Will the explanation group produce a lower mean rating of extraneous cognitive load than the no explanation group?
Will the explanation group produce a higher mean rating of presence than the no explanation group?
Method
Participants and Design
We used the software program G*Power to conduct our power analysis. Our goal was to obtain a .80 power to detect a medium effect size of 0.6 at the standard .05 alpha error probability. According to the power analysis, our recommended sample size was 90 participants, which we achieved. We conclude that the obtained sample size is sufficient to detect medium effects. The participants were 94 college students recruited from the Psychology Subject Pool at a large university in California. They received credit toward fulfilling a course requirement. Concerning gender, 32 students identified as male, 61 identified as female, and 1 identified as non-binary. Concerning ethnic/racial category, 39 students classified themselves as White, 23 classified themselves as Latinx/Chicano/a, 6 classified themselves as Black, 35 classified themselves as Asian, and 2 classified themselves as Middle Eastern or North African. The ages of the participants ranged from 18 to 28 years (M age = 19.32, SD age = 1.81). Thirty-six students reported to be first generation college students. We had originally recruited 102 participants but had to eliminate 8 participants due to technical difficulties (n = 5), missing data (n = 1), and not being 18 years of age or older (n = 2), yielding a final sample of 94 participants. The experiment employed a between-subjects design with 47 participants in the explanation group and 47 in the no explanation group.
Materials and Equipment
Equipment
The equipment used in this experiment included a virtual reality system, a laptop computer, and pipetting equipment. The virtual reality system was an Oculus Quest, from the company MetaQuest, formally known as Oculus, used to present the training lesson. The laptop computer was a MacBook Pro used to collect survey responses through the web-based platform, Qualtrics. The pipetting equipment was used for the in-person serial dilution task. The materials consisted of an adjustable micropipette with a volume range of 100 µl to 1000 µl, a set of sterile pipette tips, a set of beakers, four plastic test tubes housed in a rack, a disposable cup for the used pipette tips, cranberry juice and water used for the solution, professional white lab coats, a box of nitrile-vinyl blend exam gloves, and a document displaying the pipetting instructions. Figure 1 shows the arrangement of the pipetting equipment and lab setup. Photo of the lab setup for the in-person serial dilution task.
Prequestionnaire
The prequestionnaire consisted of seven items, which were administered on a laptop computer via the web-based platform, Qualtrics. The first five questions asked about general interest and experience with science (Parong & Mayer, 2018). The remaining two questions asked about knowledge using a micropipette and conducting a serial dilution.
Virtual Reality Lesson
The 14 Questions That Were Administered to Participants in the Explanation Group Throughout the Lesson at Five Different Pauses.

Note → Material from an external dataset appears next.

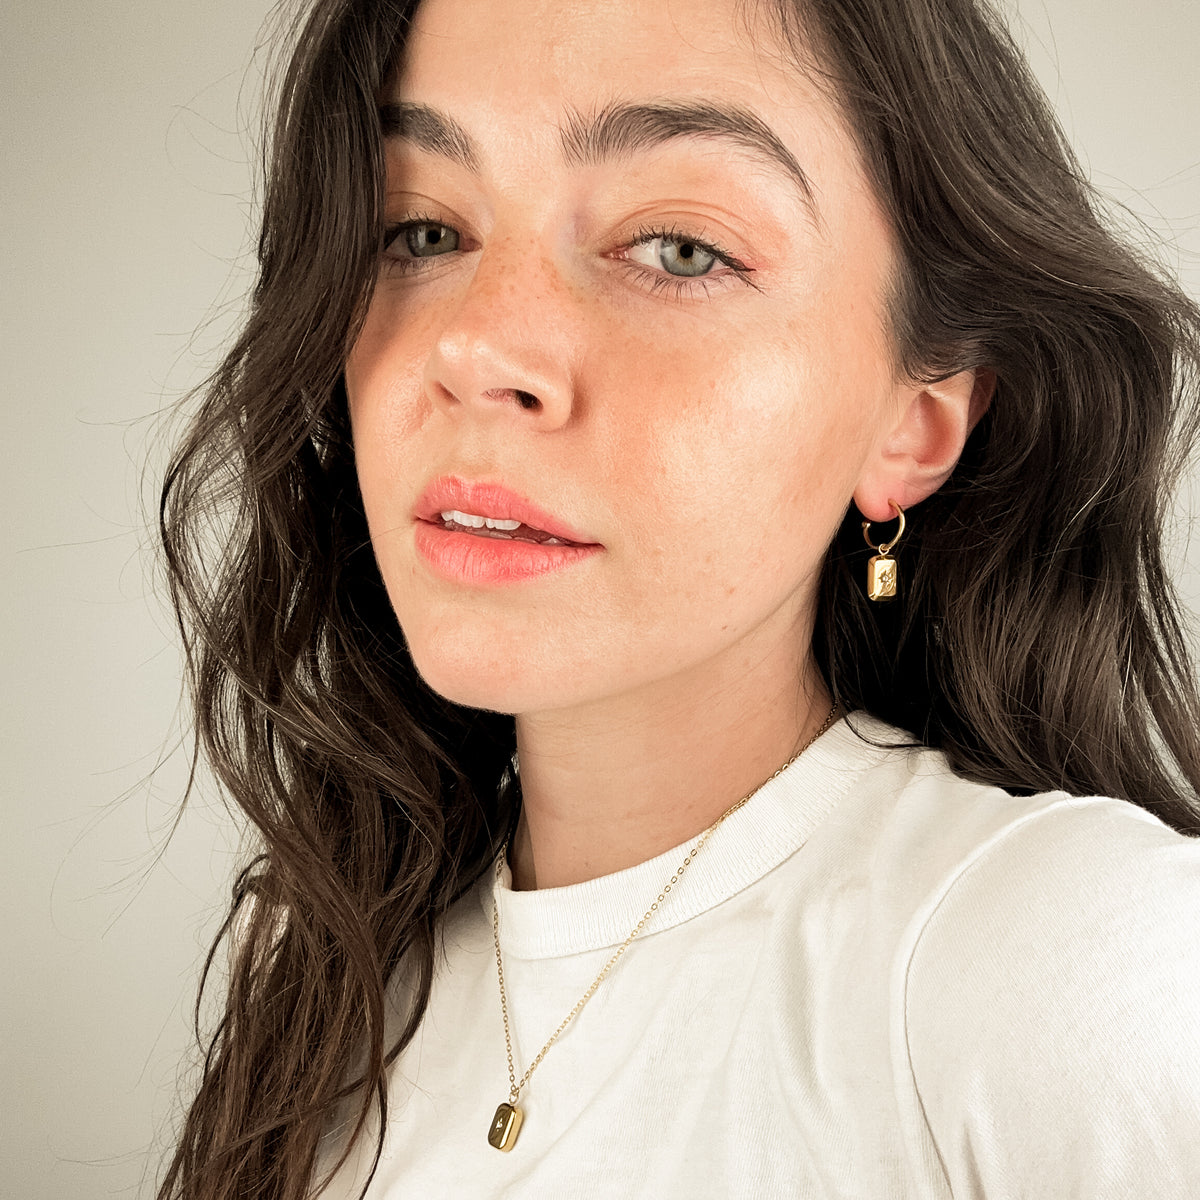 model is wearing gold earrings with a delicate dangling charm. the charm can be removed also and the earrings can be worn as simple hoops. The charm that hangs on the hoop is embellished with a star. the model is also wearing the matching poise necklace.

During the pause, the no explanation group was instructed press a continue button using a controller to go on, whereas the explanation group was told to remove the head-mounted display, move to the laptop computer and type in answers to questions presented via Qualtrics before returning to the lesson. Table 1 lists the questions for each of the five pauses along with a brief description of the content of each segment. Overall, 14 questions were administered to participants in the explanation group. These questions focused on asking for a summary (i.e., “what”) or an explanation (i.e., “why”) of specific material in the foregoing segment. After the experiment, researchers scored each answer on a scale of 0 points (no or minimal answer) to 2 points (appropriate answer) yielding a maximum possible score of 28. During the analyses phase, researchers reviewed the quality of the responses. Participants that provided a clear demonstration of understanding and each explanatory prompt were given a score of 2 points per question, whereas participants that give minimal to adequate quality responses were given a score of 0 points per question. See Table 1 to view the full list of questions.
For all participants, the second section served as the virtual pipetting test, where they were tasked to complete a four-step serial dilution by applying the skills they learned in the first section of the training tutorial. In the virtual pipetting test, participants were shown an image of the instructions on a monitor and were told the virtual agent would no longer be available to help them. The participants were given the same materials presented from the first section of the lesson but were tasked to independently complete the four-step serial dilution. After the participant felt they completed the four-step serial dilution, they were instructed to push on a button in the virtual lab to see their feedback from the test. The feedback was displayed on the monitor and outlined whether they put on gloves and a lab coat, the number of times they tilted the pipette, the number of times they did not use the first stop on the plunger, the number of times they did not use the second stop of the plunger, and the number of times they cross contaminated the liquid from the beakers and the tubes.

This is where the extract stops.